BurntSushi/aho-corasick

Question: Matches surrounded by separator characters

kiminuo opened this issue · 3 comments

Hi,

I use aho-corasick algorithm to search for keywords in a text. This example is basically what I use https://github.com/BurntSushi/aho-corasick#example-basic-searching Yet, there is one caveat. I need to find out whether a match (i.e. a found keyword) provided by this algo is surrounded by separator characters (e.g. " ", "?", "!", ".", "*", ",", ";", ":", "\n", "\r", "(", ")", "„", "“", "<", ">").

e.g.

let patterns = &["apple"];
let haystack = "I love Snapple.";

Snapple word contains apple, so it is a match but it is not in form [separator-character]apple[separator-character] so I want to skip this match in my program.

aho-corasick algo returns matches as byte positions - i.e. (keyword_index, start, end) and my text is in UTF8 with non-ascii characters.

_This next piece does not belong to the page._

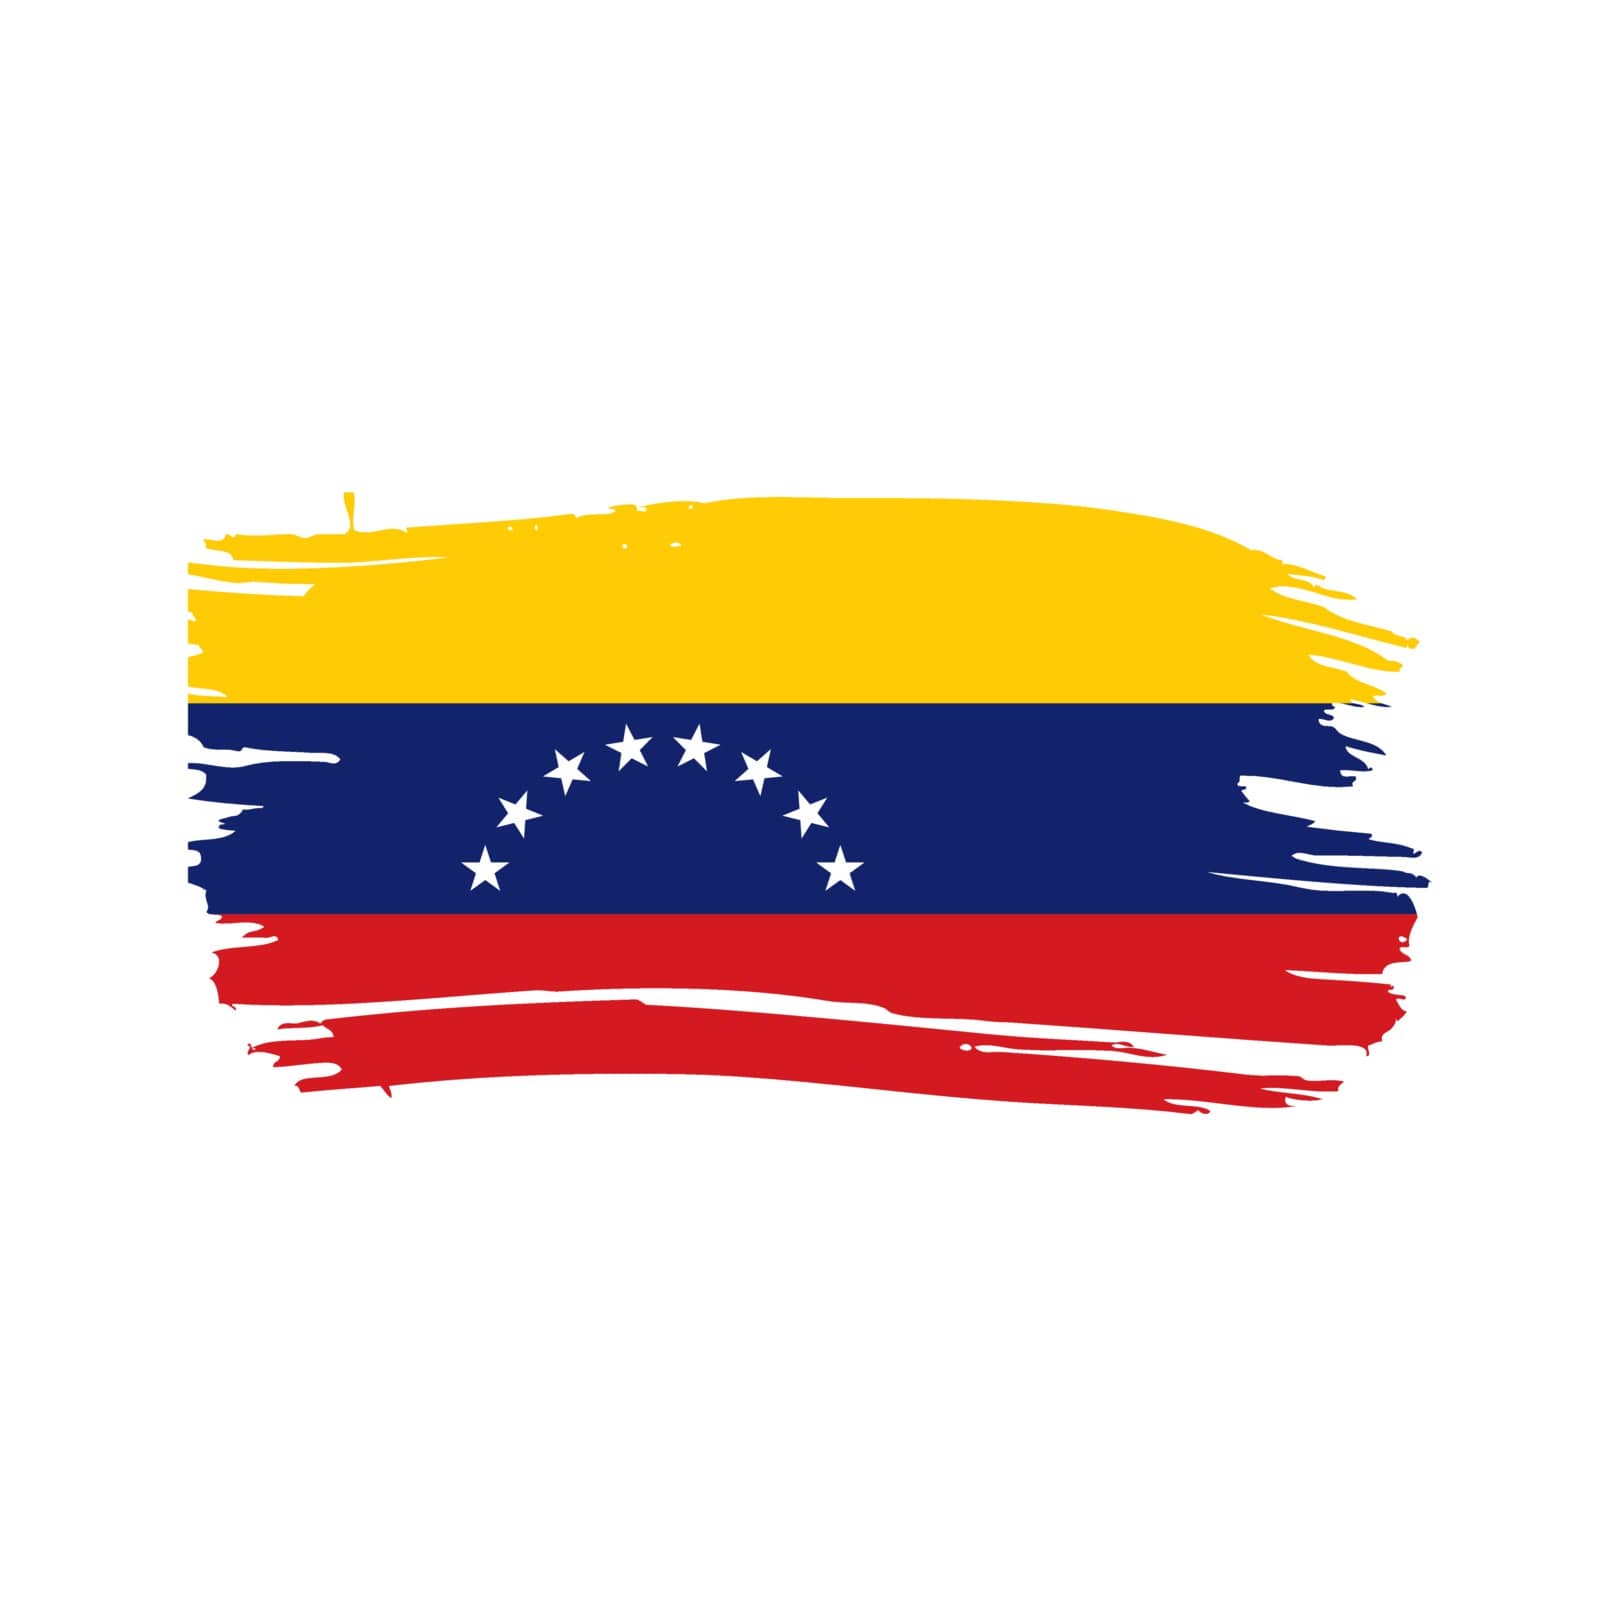 Venezuela flag, vector illustration by butenkow

I can think of several solutions but I don't find any of them elegant.

Does anyone know a proper-rust-solution for this?
Thank you!

Why did you close this issue? If you found a solution, please share it. :)

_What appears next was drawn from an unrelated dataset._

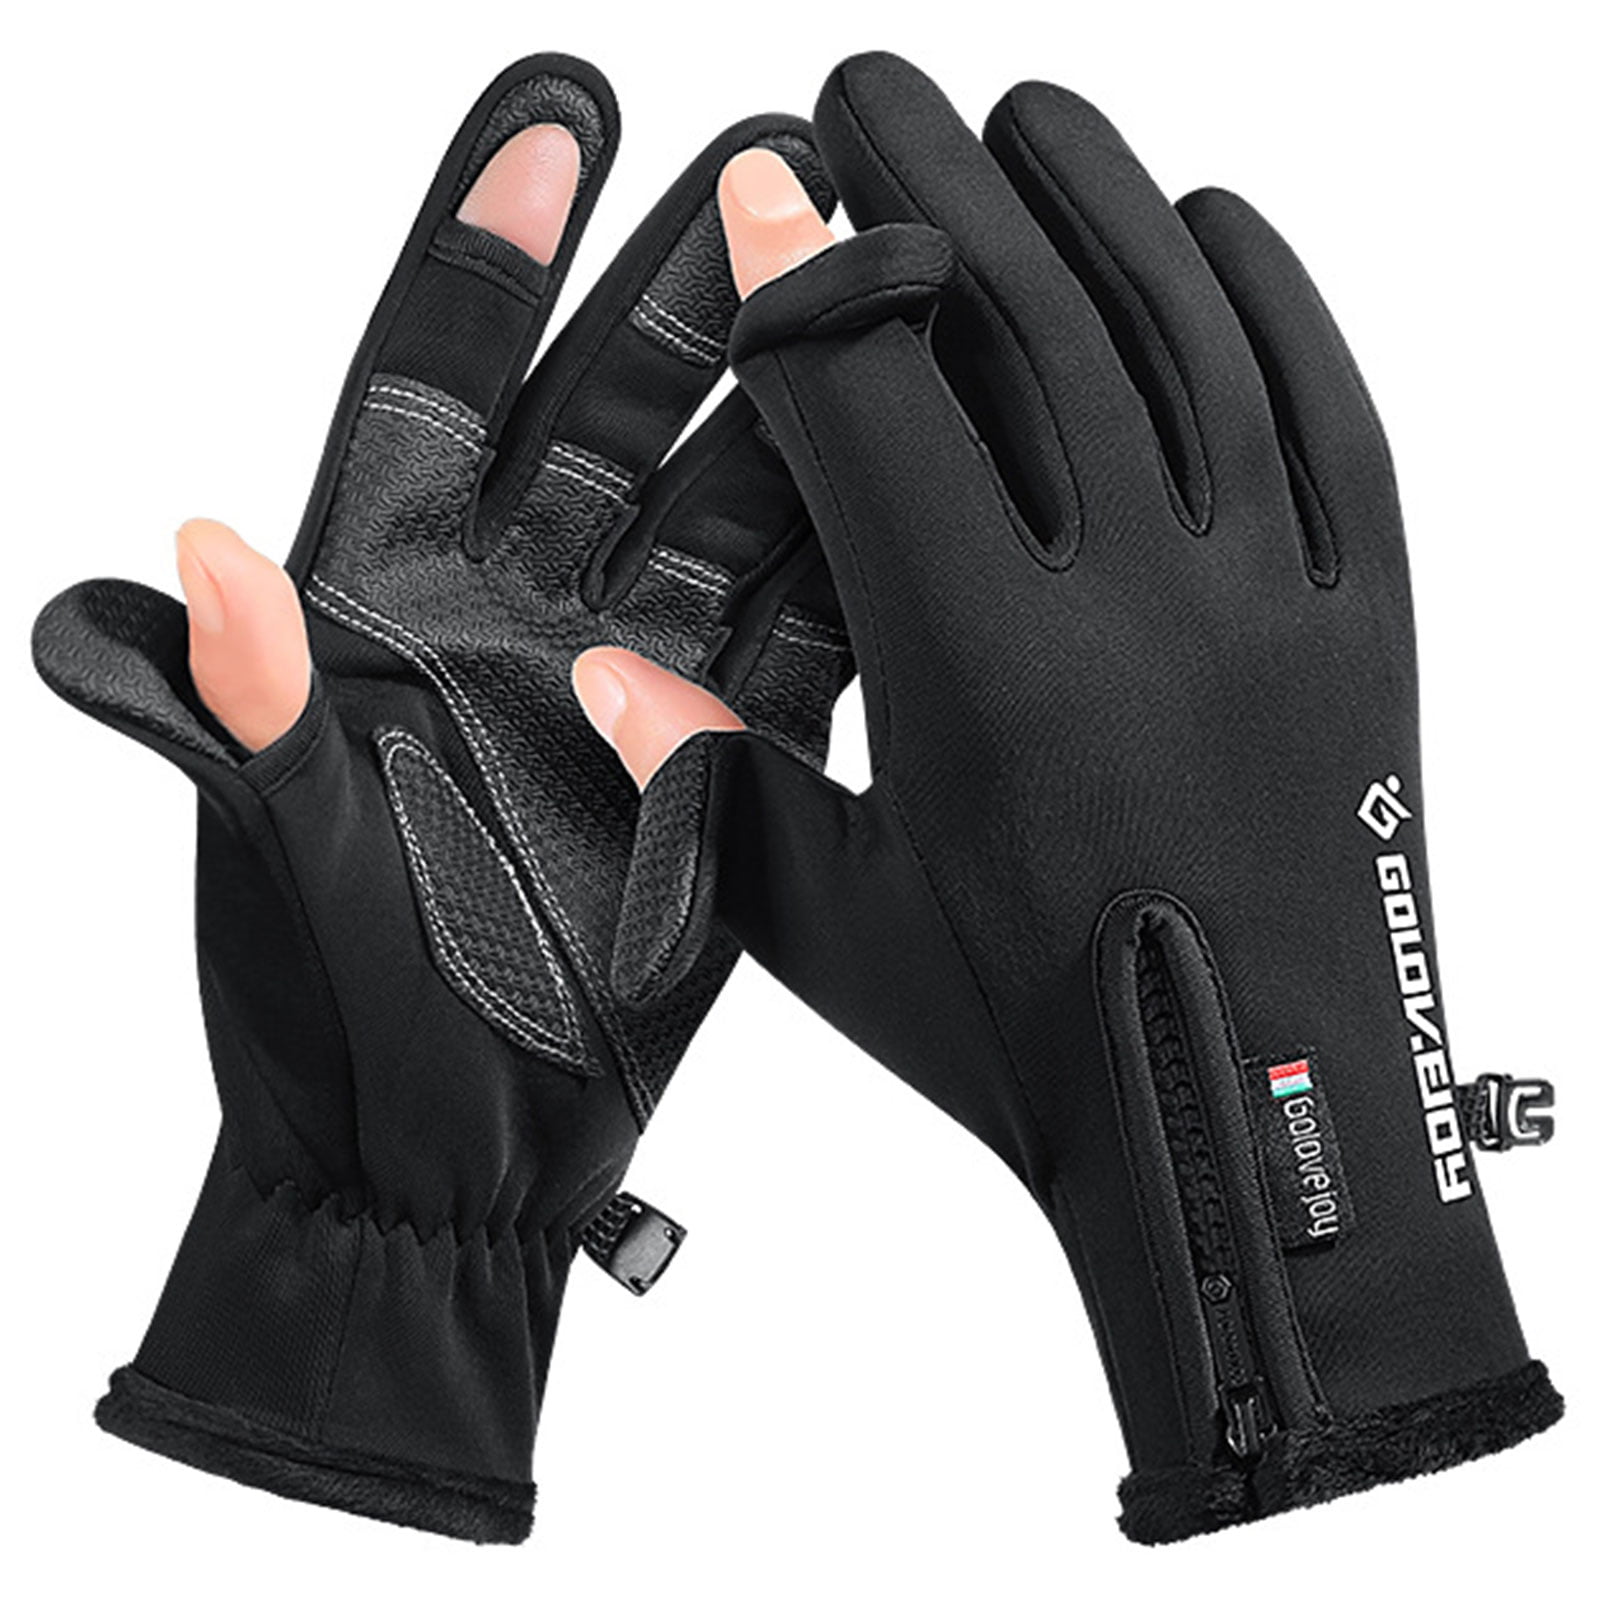 Outdoor lure fishing gloves men's winter palm anti-skid leakage finger  touch screen high-density waterproof windproof warm gloves

My knowledge of Rust is rather limited so the solution may not be great. Anyway, with help of Rust community, I've come up with:

const DELIMITERS: [char; 17] = [' ', '?', '!', '.', '*', ',', ';', ':', '\n', '\r', '(', ')', '„', '“', '<', '>', '\u{c2a0}' /* non-breaking space */ ];

// The idea is to get str slice up to first matching character (i.e. `start`) and take last character. They say that the last character is not O(n) as one may expect but rather O(1) as there is some specialized code in Rust, so it should be fast.
let to_replace = DELIMITERS.contains(&(&text[0..*start]).chars().last().unwrap());

(the code is simplified to test only character before match)

Yes, indeed, that LGTM. And yes, str::Chars::last is a O(1) operation.

Also, if you're searching for a small number of strings, you could also just use a regex. Although Aho-Corasick will probably be faster. Hard to say.

I'm happy to help with other text search questions you might have. In the future though, it would be much appreciate if you could post your full program. It's hard to help without that.

I'll close this now since it seems like you have an answer!